EXERCISE
Copy, please, the line with "Modular Elevated Railway" and each line that follows it through the end of the data below, exactly as given and without pictures.

+++

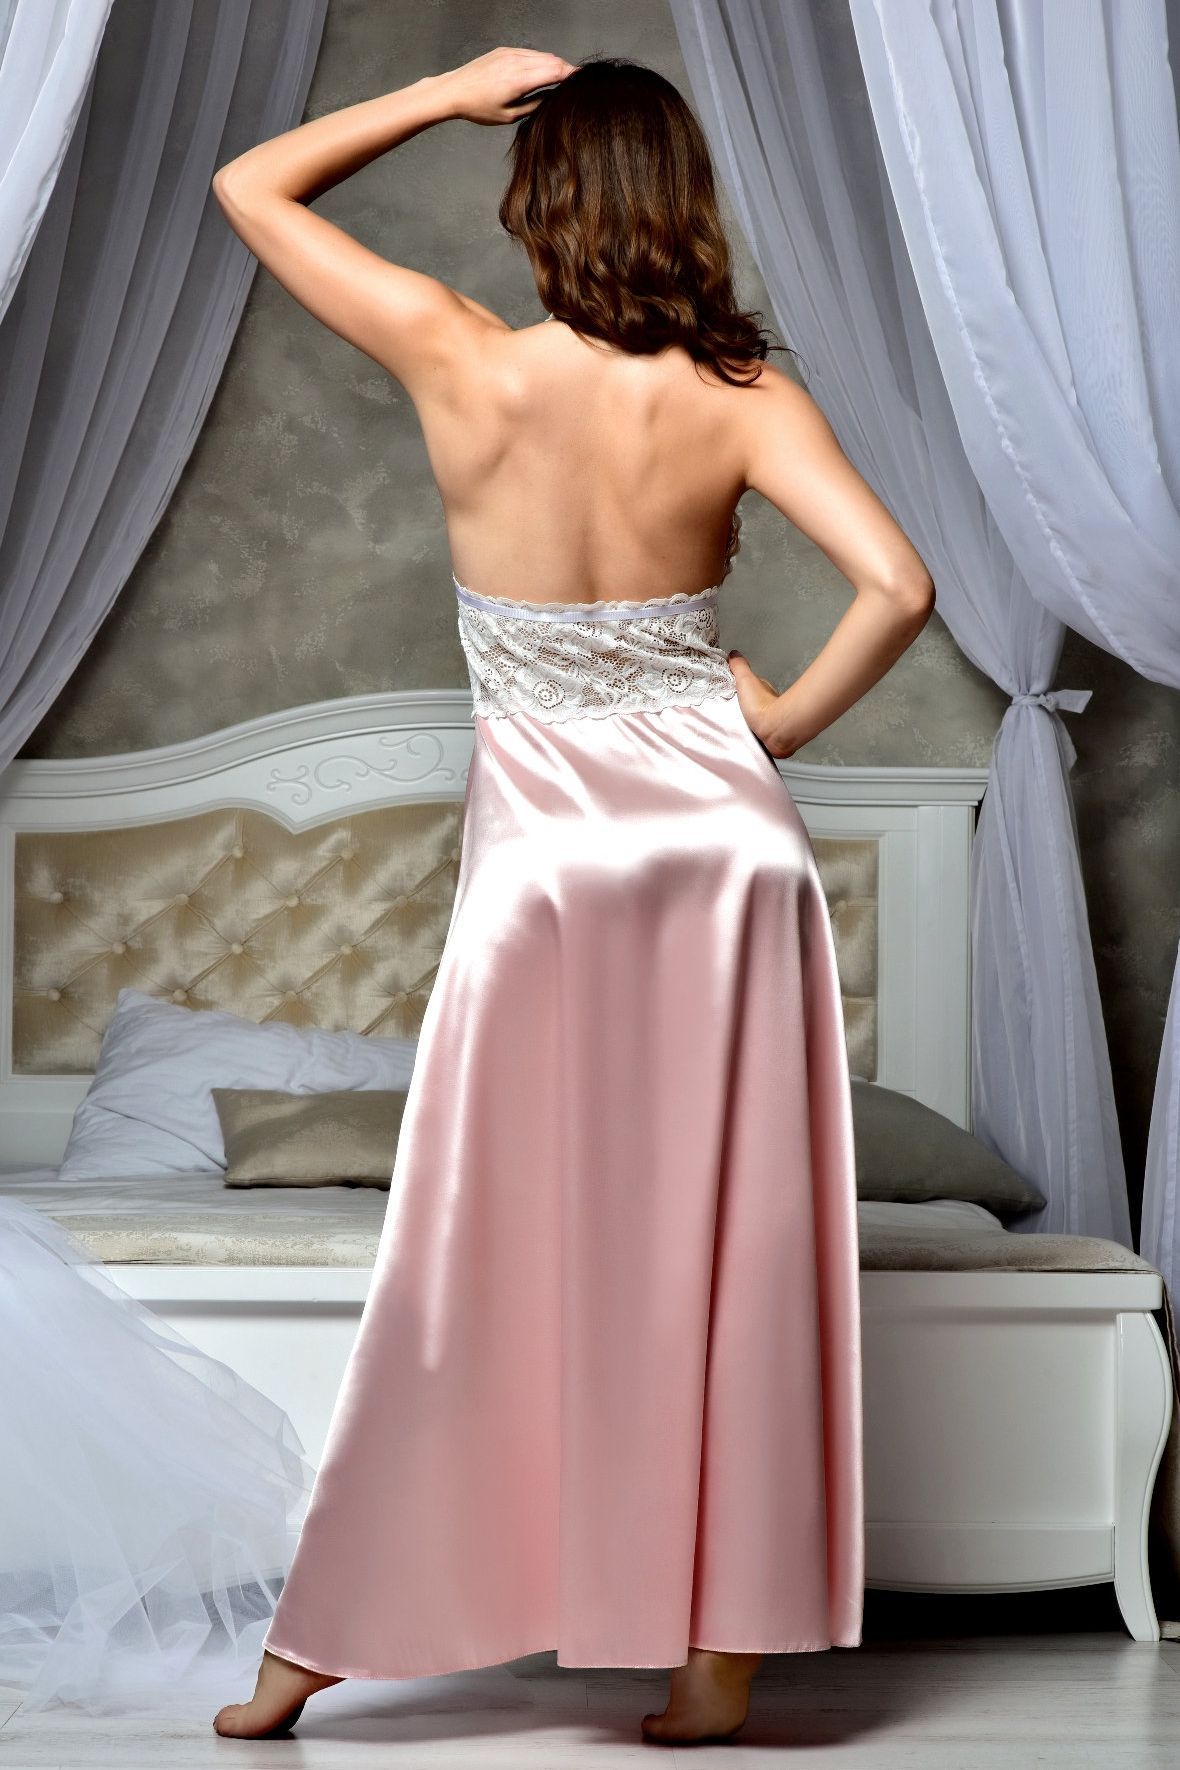 Sexy Open Back Nightgown - Wedding Lingerie
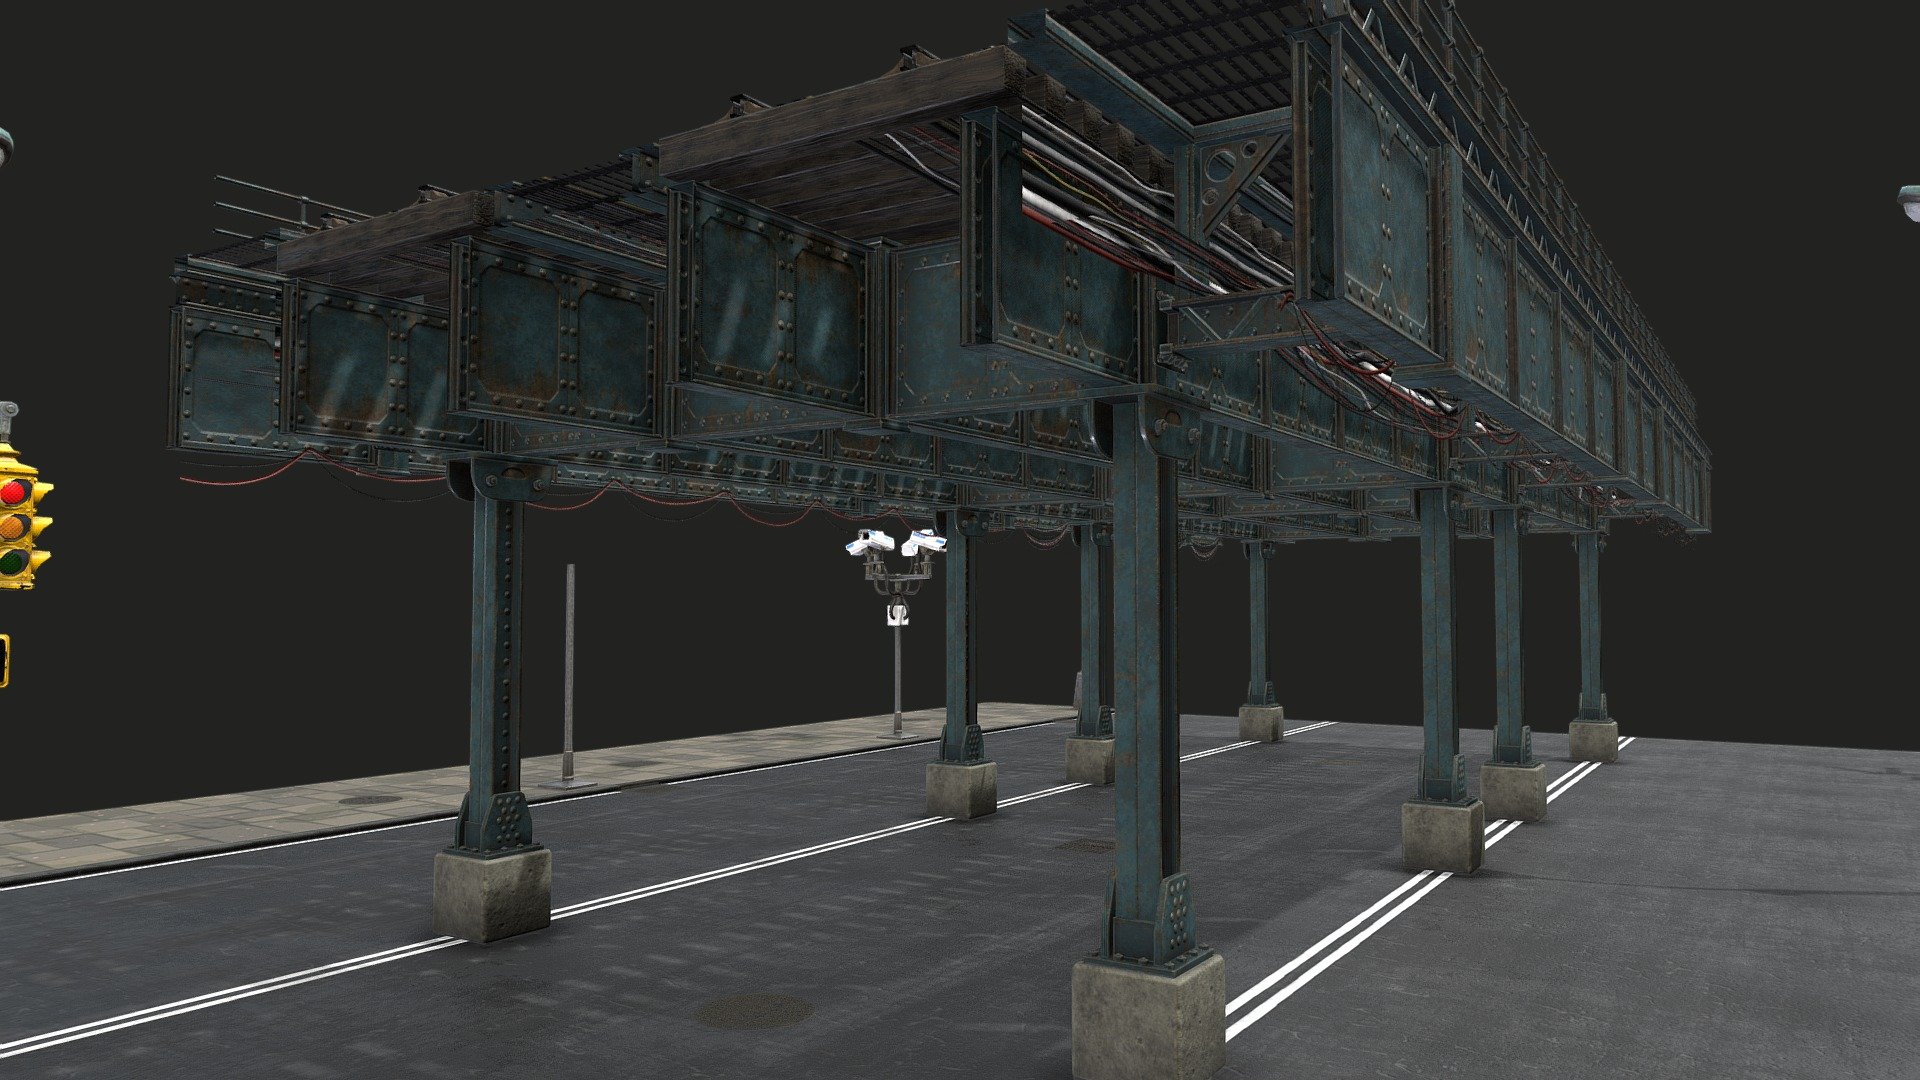 Modular Elevated Railway set I created for my Critter Junction project.

This is another iconic touchstone for the project, synonymous with the visual identity of NYC and specifically of 70's NY cinema like The French Connection and Taxi Driver. 

This set is versatile and can be configured in any number of ways (including non railway structures)

Created using 3DS Max and Substance Designer 3d model
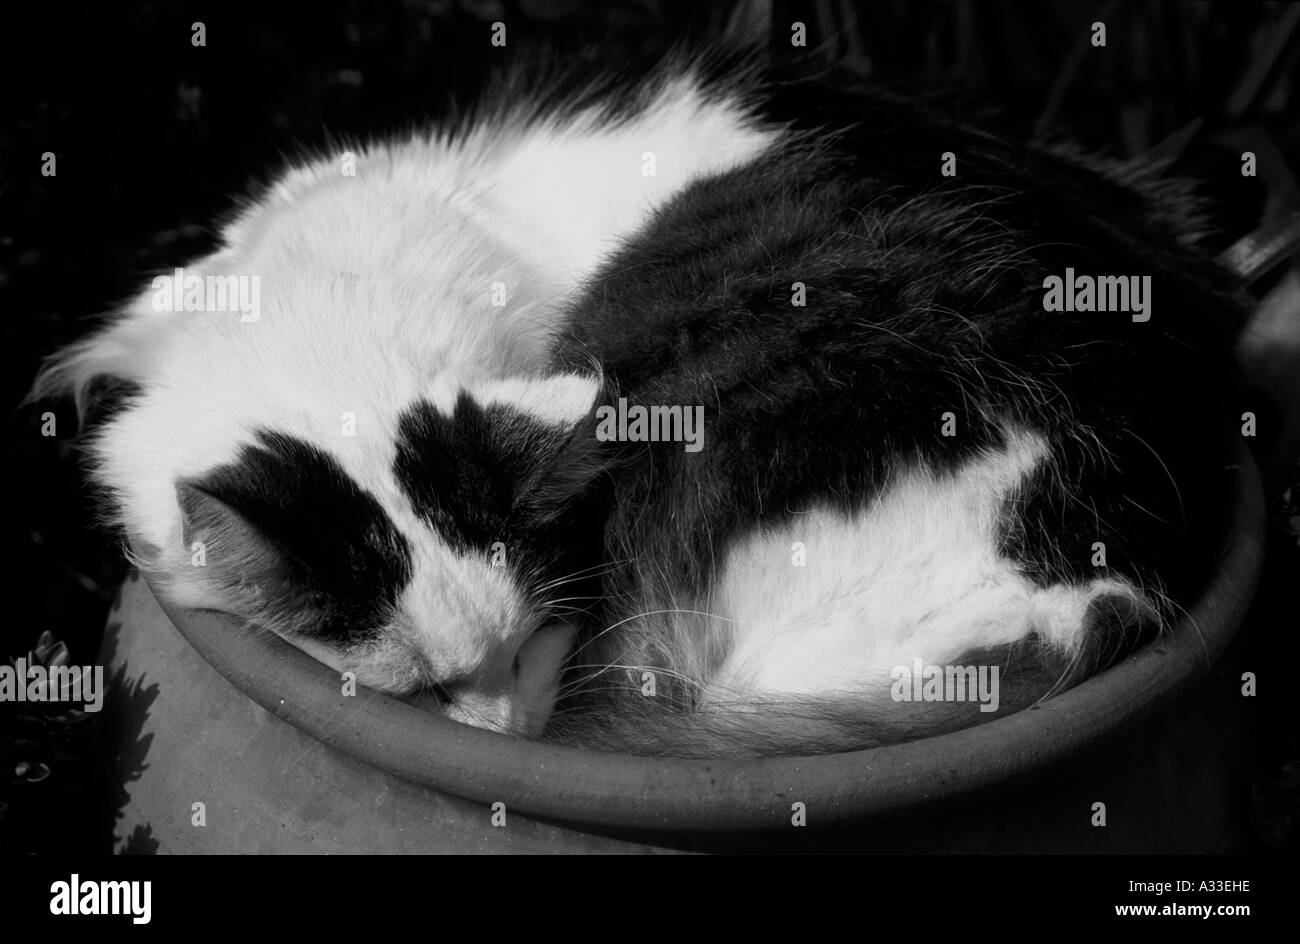 Black and White Cat Curled up in a Garden Pot Stock Photo
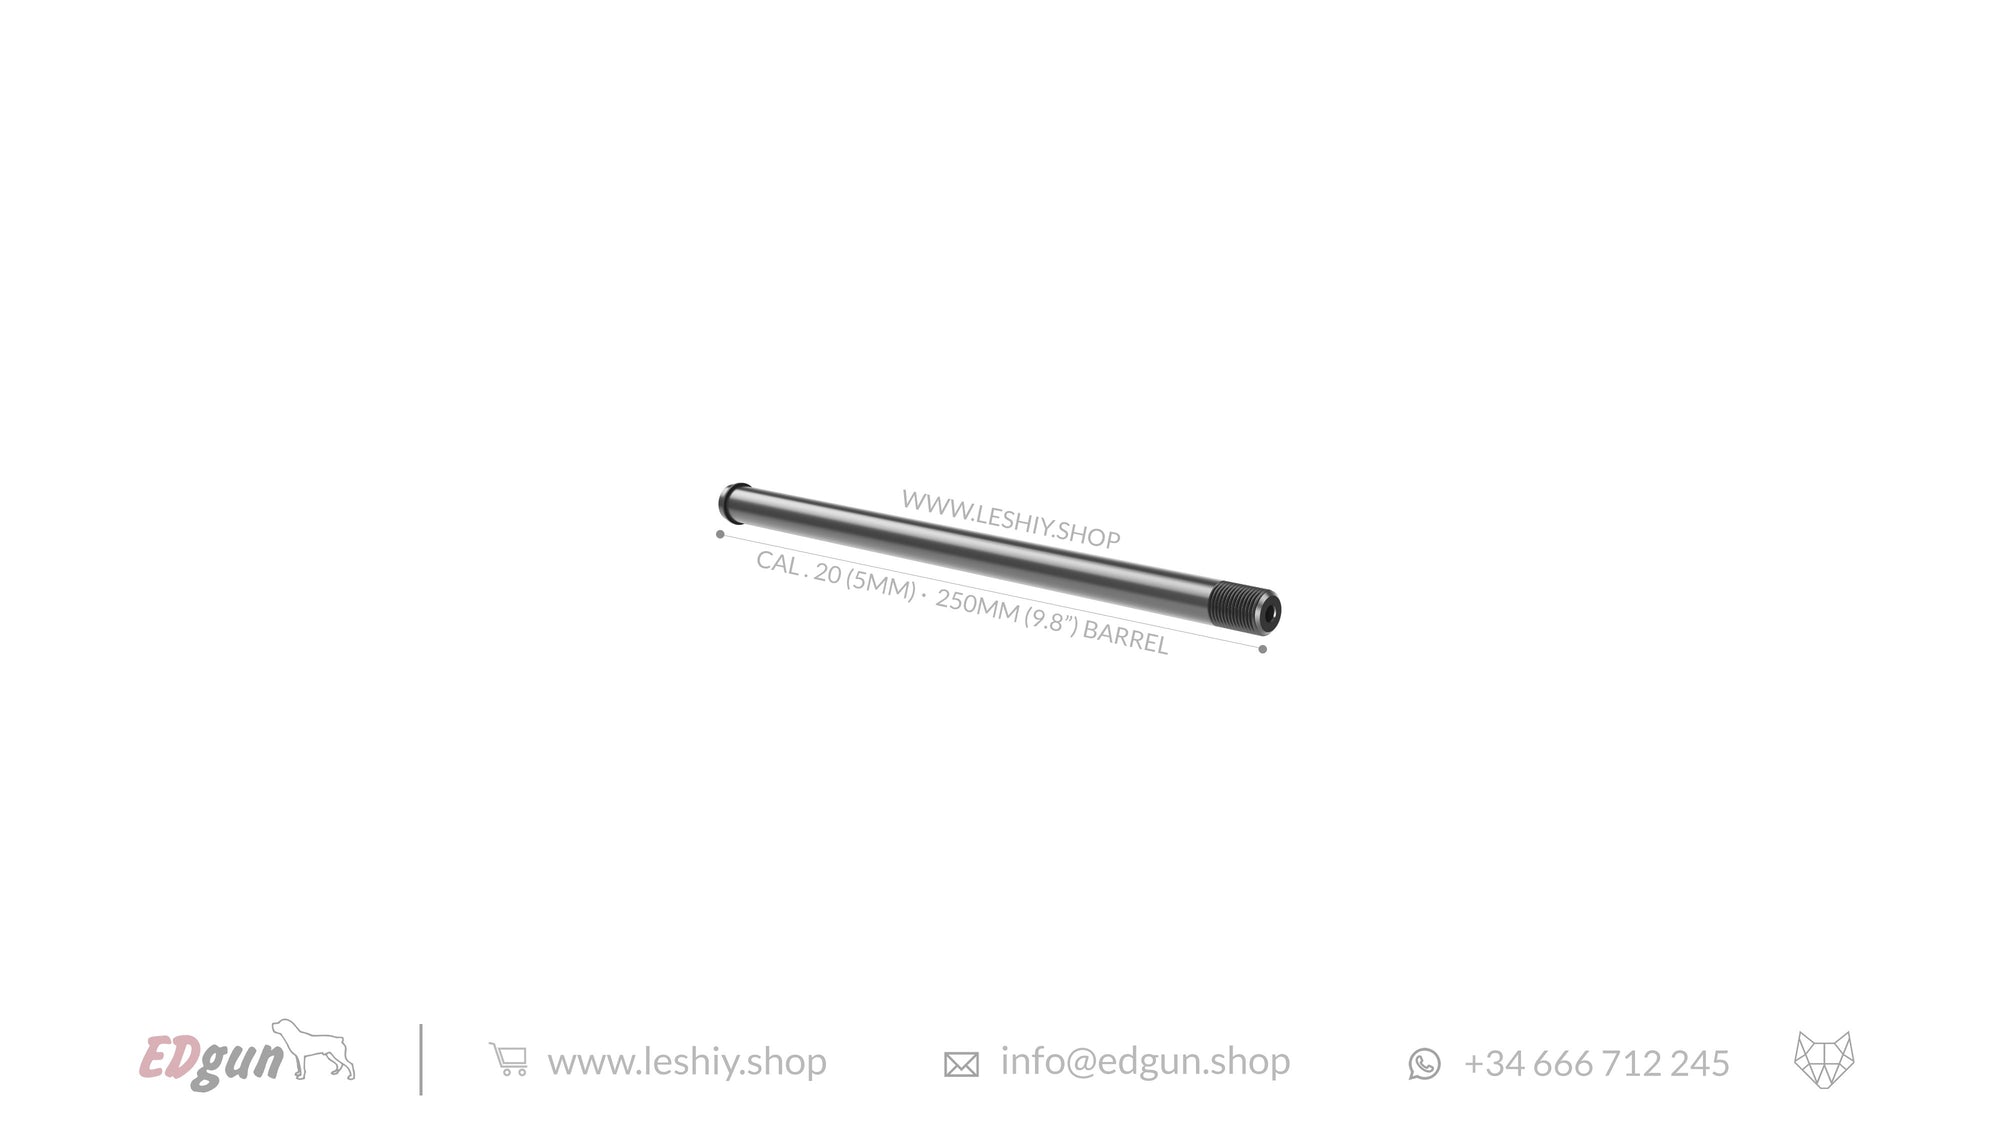 Barrels Lothar Walther cal.20 (5mm) - 250mm (9.8¨) for Leshiy 2

+++

WORKED SOLUTION
 Modular Elevated Railway set I created for my Critter Junction project.

This is another iconic touchstone for the project, synonymous with the visual identity of NYC and specifically of 70's NY cinema like The French Connection and Taxi Driver. 

This set is versatile and can be configured in any number of ways (including non railway structures)

Created using 3DS Max and Substance Designer 3d model
 Black and White Cat Curled up in a Garden Pot Stock Photo
 Barrels Lothar Walther cal.20 (5mm) - 250mm (9.8¨) for Leshiy 2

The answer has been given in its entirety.